Risk: Matching data in databases is hard, period
In this ICE-IRS matching example, someone will need to match people from one database to another. This can be hard even in the best of times. How many people do you know with common last name Jones, Lee, or Gonzalez?
Now, let's take what I bet is a large dataset of people from both systems. How do you match the many people with the same name in one system to the many people with the same name in the other? My name is reasonably common, and at one point another person with my name, with a different spelling, worked at the same company as me. We got emails intended for each other all the time, and one time, I got her W2 at my house! We knew each other by then, so we worked it out, but in the context of a large, national database, possibly with incomplete data or incorrect names, we can't hope for this manual correction to be made, person by person, by ICE agents.
Good database practice is to assign a "unique identifier" for each entry, a field or fields that can be relied on to be unique. What happens if the ICE and IRS databases have different unique identifiers? What if the only overlapping field is the names? Even if they have additional information like address, it's common for parents and children with the same name to live in the same house. How will they match people accurately?
Risk: They are being asked to do this fast
We've seen declarations that DOGE is going to modernize a mainframe or build a better data sharing method in 30 days — these are hopelessly naive goals for systems so complex. Knowing that the data may not reflect a person's real name, and the two databases may not support easy matching, what do you expect to happen when we add time pressure to the mix? It's human nature to perform worse under pressure, so working quickly raises the possibility of errors.
Risk: They are likely using AI to help with linking data
Because DOGE is infatuated with AI and they want to do this fast, I expect that they're using AI agents or large language models (LLMs) to help. We all know these models make errors, misinterpret directions, and create content that is harmful or incorrect. They can still be enormously helpful in applications where you can afford errors or time spent fact checking, but DOGE isn't known for measuring twice before they cut.
The other challenge with LLMs like ChatGPT, Claude, Gemini, and Copilot is that while it's possible to test the content and solutions created by these algorithms, it's time-consuming and requires manual work.

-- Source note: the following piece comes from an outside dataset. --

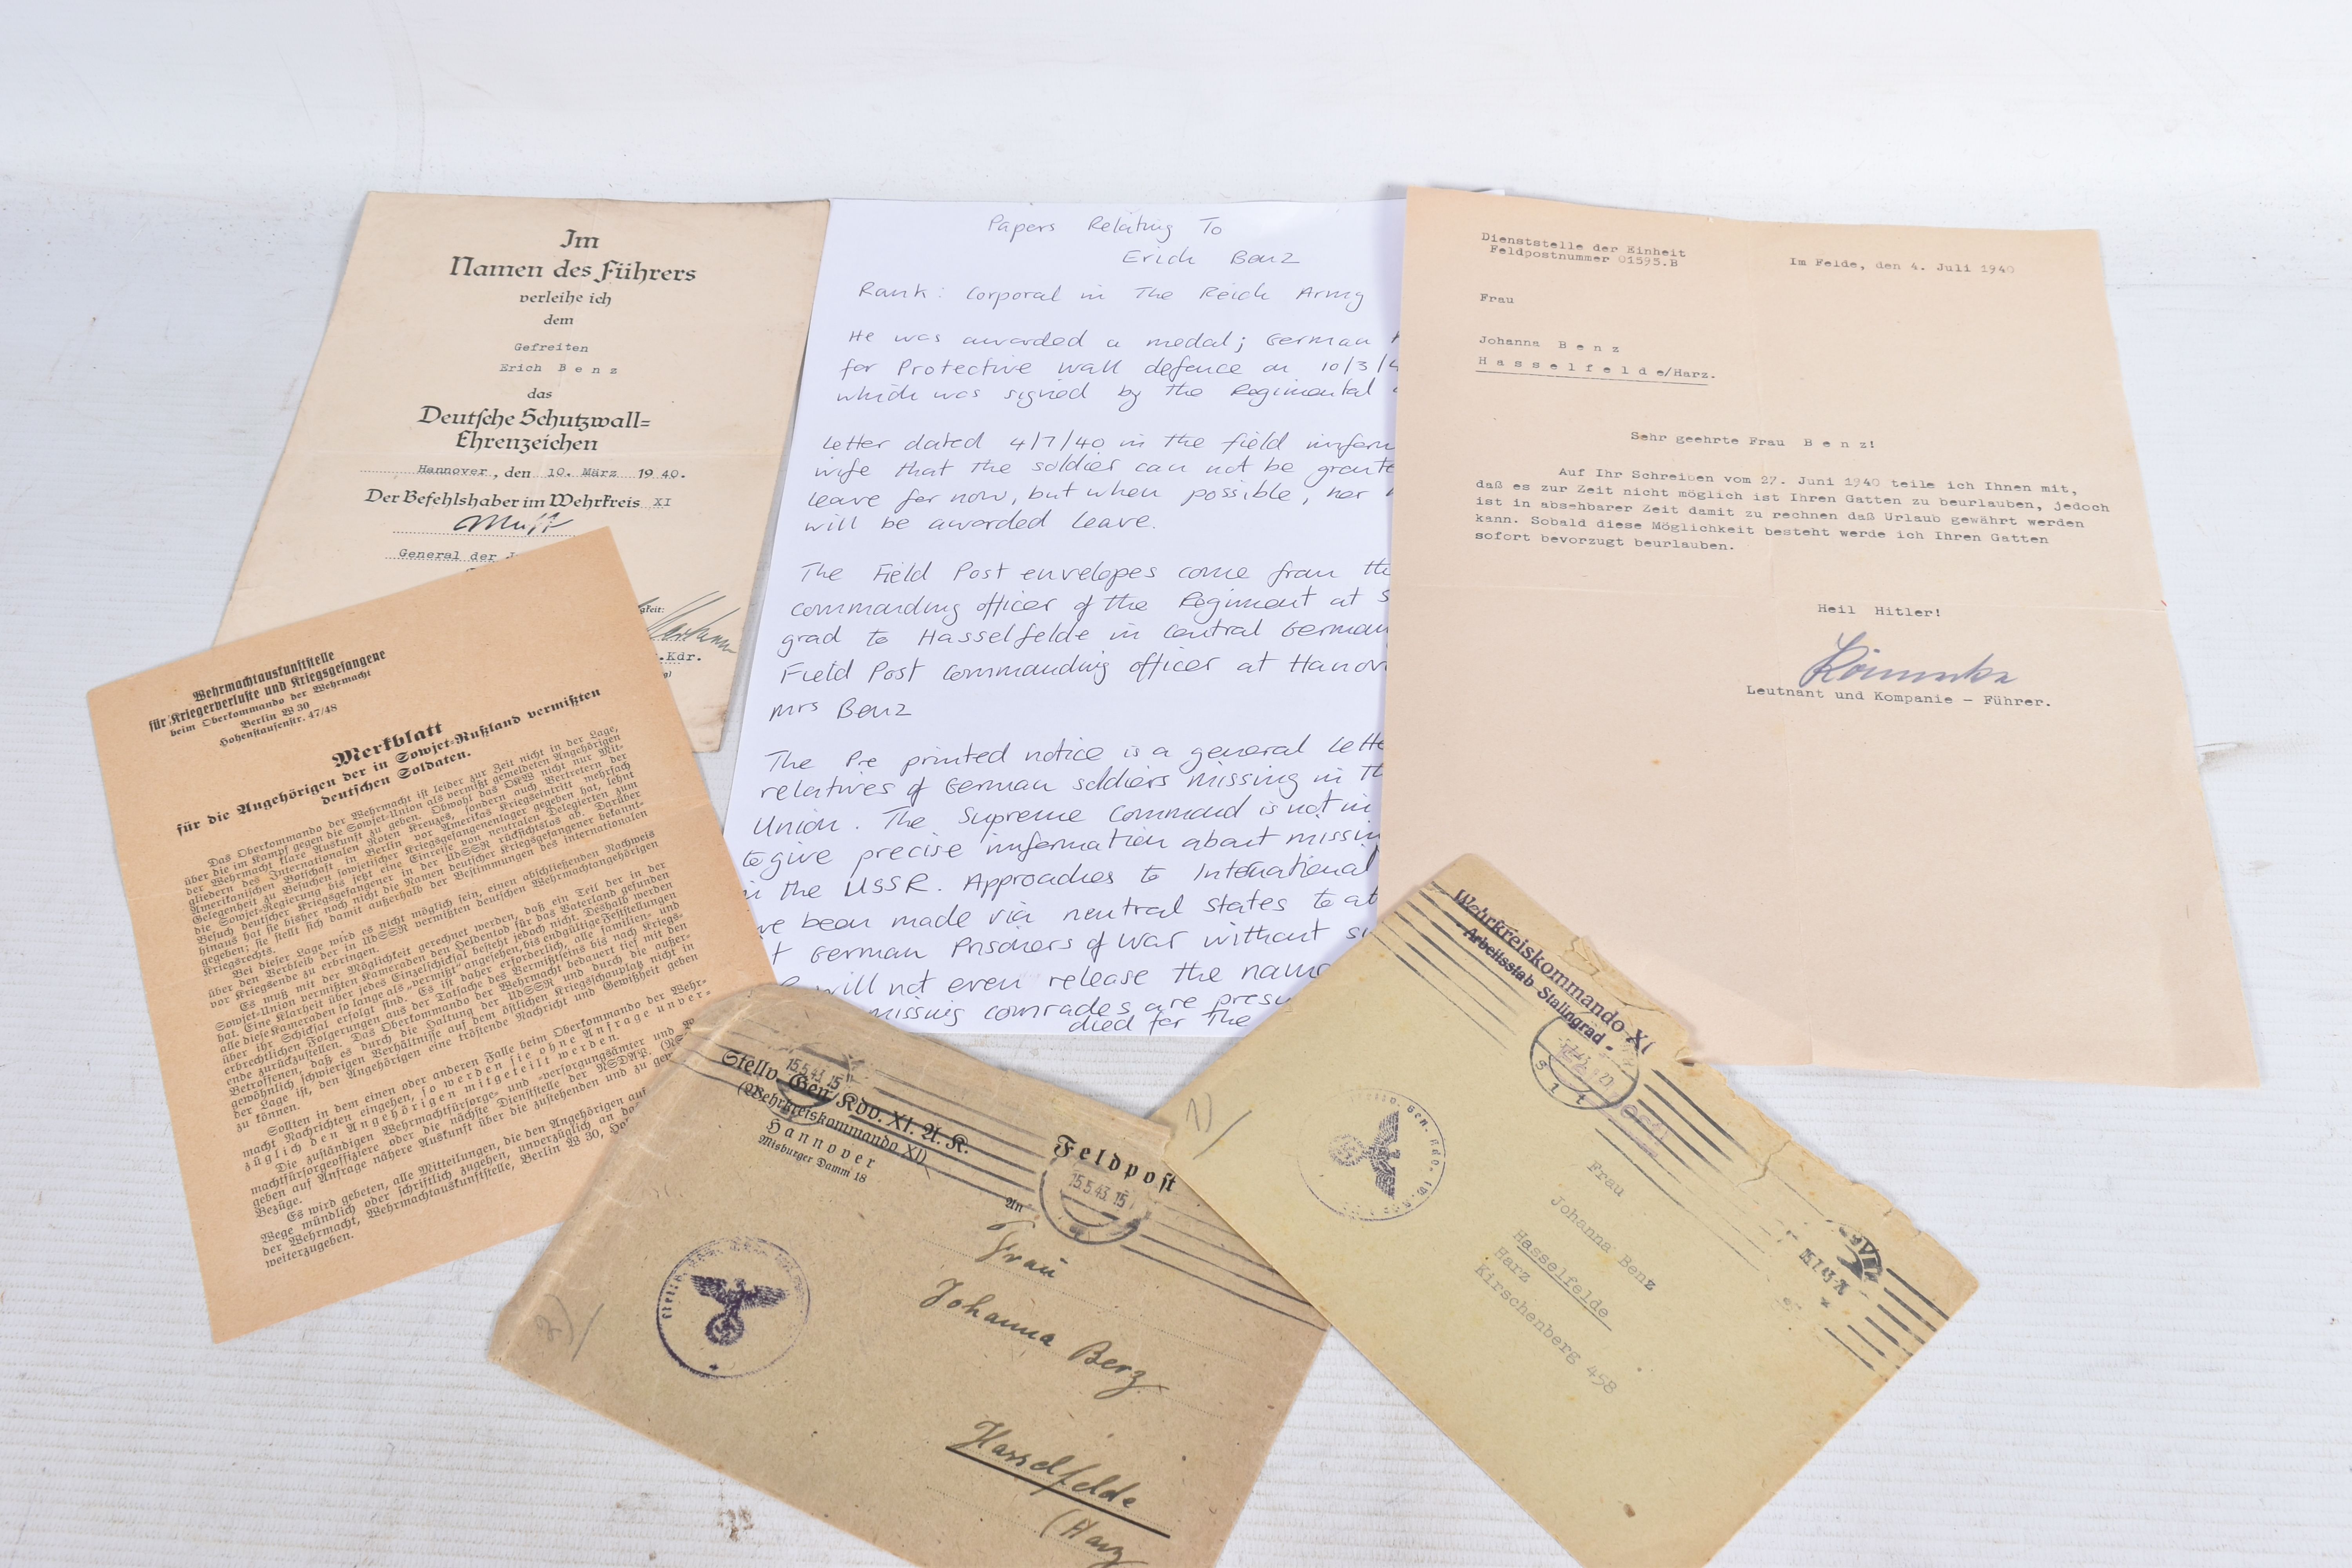 PAPERS RELATING TO ERICH BENZ, CORPORAL IN THE REICH ARMY, to include an award for Protective Wall

Risk: They might not match the data at all
There's a chance they might not even care about matching data between IRS and ICE databases and will start going door to door based on taxpayer data, regardless of immigration status. Immigration actions have been carried out without care or caution so far, so in this worst case scenario, everything I've said about technical errors may be moot, and even legal US residents would be at risk of deportation.
The bottom line
To repeat, it's against the law to share data like this. Complicating matters, the risks are multiplied by the databases and the speed and tools these people choose to use.
This is a huge danger, a horrible precedent, and something we cannot sit by and let happen.